Par ordonnance rendue le 13 avril 2023, le conseiller de la mise en état désigné de la présente chambre, saisi par l'intimé d'un incident aux fins de radiation de l'appel fondé sur l'article 526 (ancien) du code de procédure civile et se prononçant sur les conclusions des défendeurs à l'incident notifiées la veille de l'audience, a :
écarté des débats les conclusions notifiées par monsieur [S] [Z] et la société Sincerum le 20 mars 2023, et les pièces communiquées à cette date,
rejeté la demande de radiation de l'affaire inscrite au rôle de la cour sous le numéro de répertoire général 22/05159,
dit que l'affaire sera appelée à l'audience de mise en état virtuelle du 23 mai 2023 pour fixation
d'un calendrier de procédure,
rejeté les demandes sur le fondement de l'article 700 du code de procédure civile et dit que les dépens suivront le sort de l'instance au fond.

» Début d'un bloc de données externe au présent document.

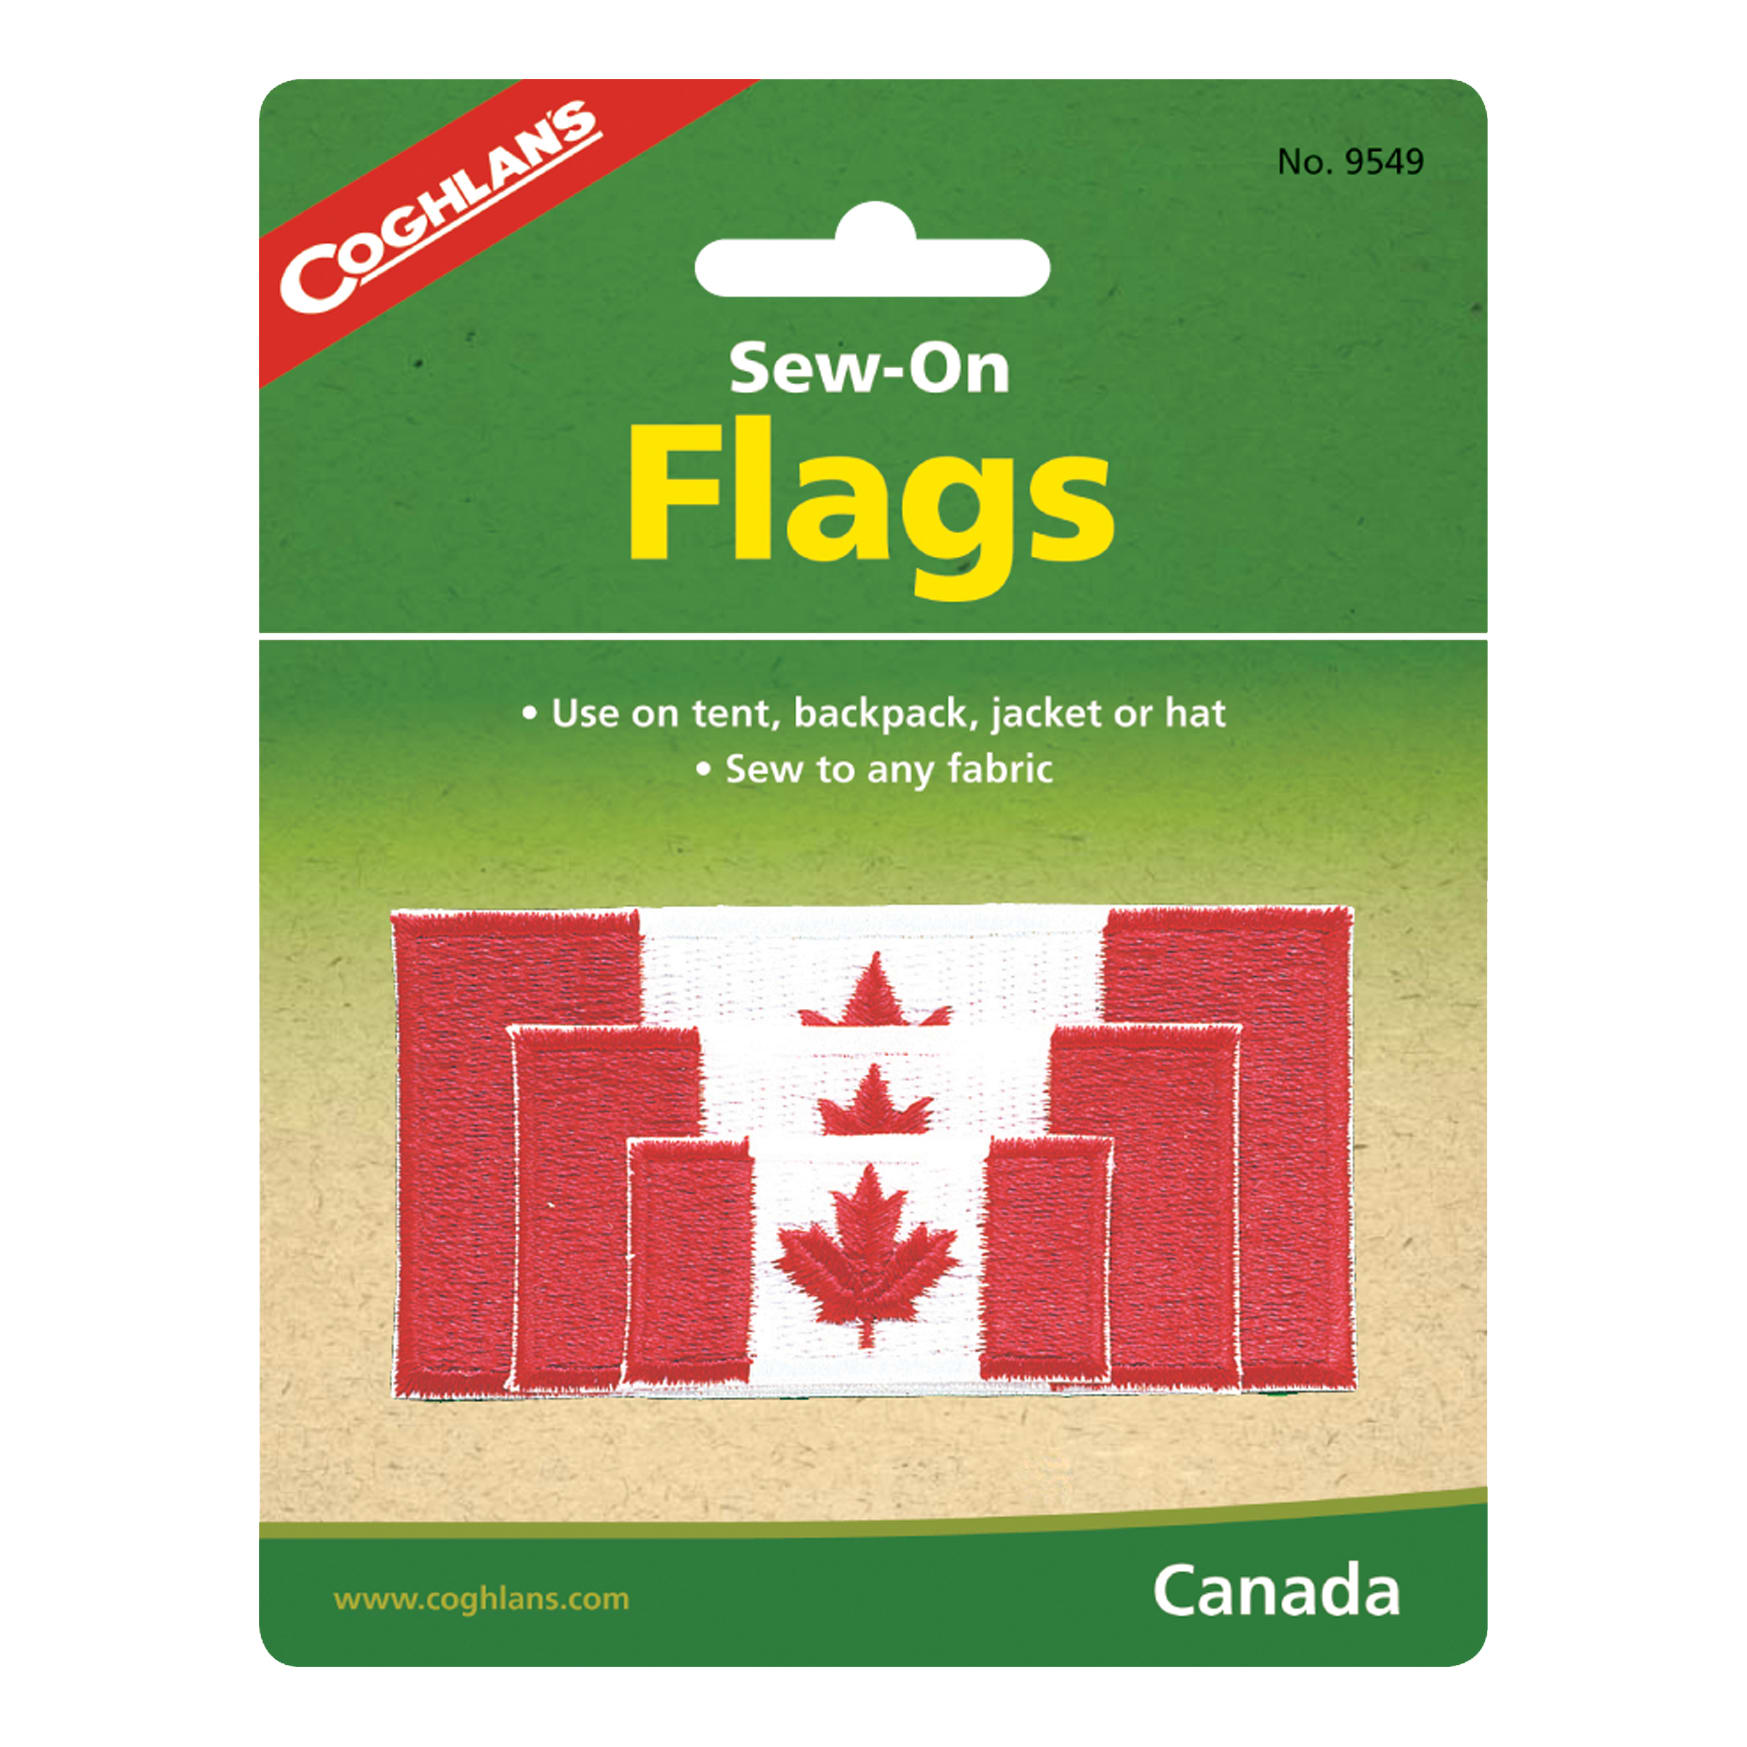 Coghlan's Canadian Sew-On Flags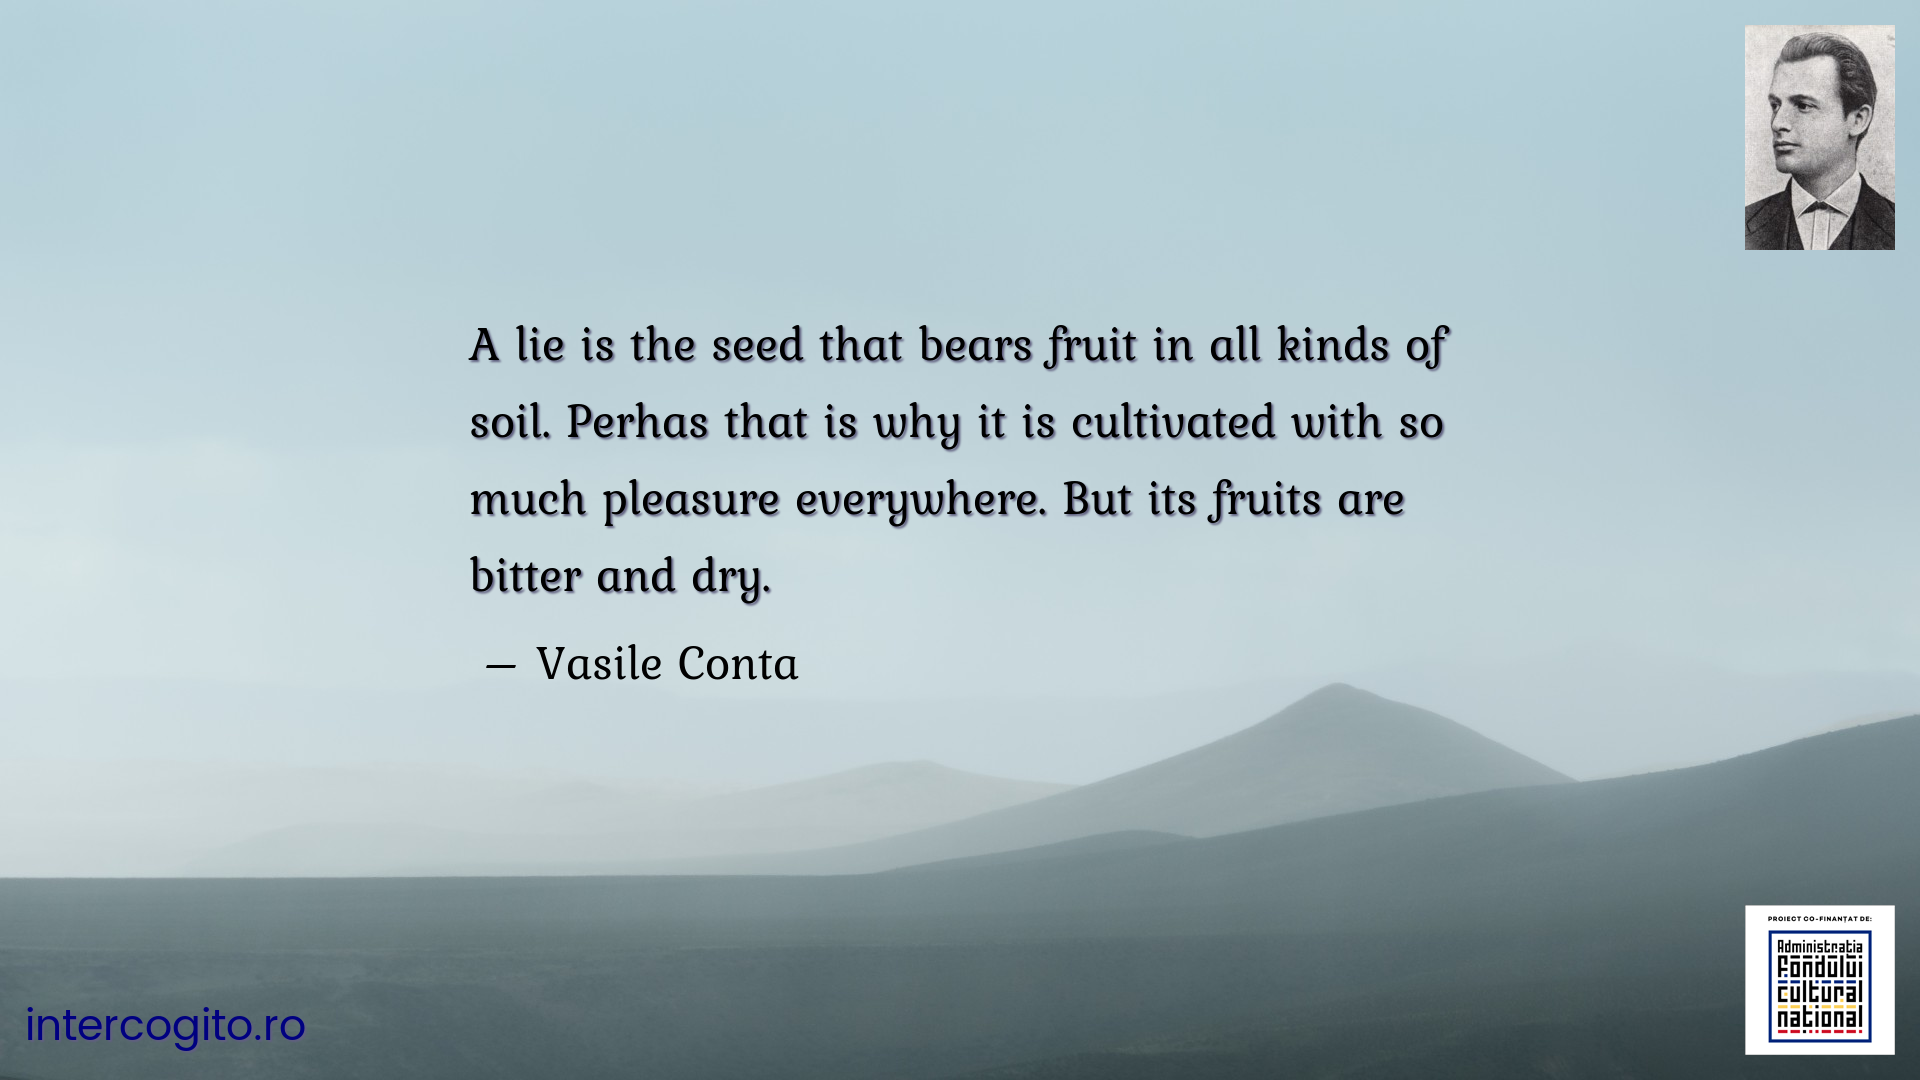 A lie is the seed that bears fruit in all kinds of soil. Perhas that is why it is cultivated with so much pleasure everywhere. But its fruits are bitter and dry.

Par dernières conclusions (n° 3) notifiées le 13 novembre 2023, la société civile Sincerum et monsieur [S] [Z] demandent à la cour :
d'infirmer le jugement entrepris en ce qu'il a : condamné monsieur [S] [Z], la société [S][Z] Expertise & Audit et la société Sincerum à payer à monsieur [G] [R] la somme de 150.000 euros au titre du prêt et celle de 1.438,36 euros au titre des intérêts conventionnels au taux de 1% arrêtés au 12 janvier 2017 // dit que la somme au principal de 150.000 euros portera intérêts au taux contractuel de 1% à compter du 13 janvier 2017 // débouté monsieur [S] [Z], la société [S][Z] Expertise & Audit et la société Sincerum de toutes leurs demandes reconventionnelles // condamné in solidum monsieur [S] [Z], la société [S][Z] Expertise & Audit et la société Sincerum à payer à monsieur [G] [R] la somme de 3.000 euros au titre de l'article 700 du code de procédure civile ainsi qu'aux dépens,
Statuant à nouveau à cet égard
de débouter monsieur [G] [R] de toutes ses demandes, fins et conclusions,
de condamner monsieur [G] [R] à verser à monsieur [S] [Z] et la société Sincerum la somme de 243.327 euros à titre de dommages- intérêts,
de condamner monsieur [G] [R] à verser à monsieur [S] [Z] la somme de 5.000 euros à titre de dommages-intérêts,
de condamner monsieur [G] [R] à restituer le matériel appartenant à la société Fiduciaire de la Seine,
de condamner monsieur [G] [R] à verser à monsieur [S] [Z] et la société Sincerum la somme de 5.000 euros, chacun, au titre de l'article 700 du code de procédure civile relativement à la première instance et aux entiers dépens de première instance,
de confirmer le jugement entrepris en ce qu'il a exclu des dépens les frais d'inscription d'hypothèques judiciaires,
y ajoutant
de débouter monsieur [G] [R] de toutes ses demandes, fins et conclusions,
de condamner monsieur [G] [R] à verser à monsieur [S] [Z] et la société Sincerum la somme de 5.000 euros, chacun, au titre de l'article 700 du code de procédure civile relativement à l'instance en appel ainsi qu'aux entiers dépens d'appel.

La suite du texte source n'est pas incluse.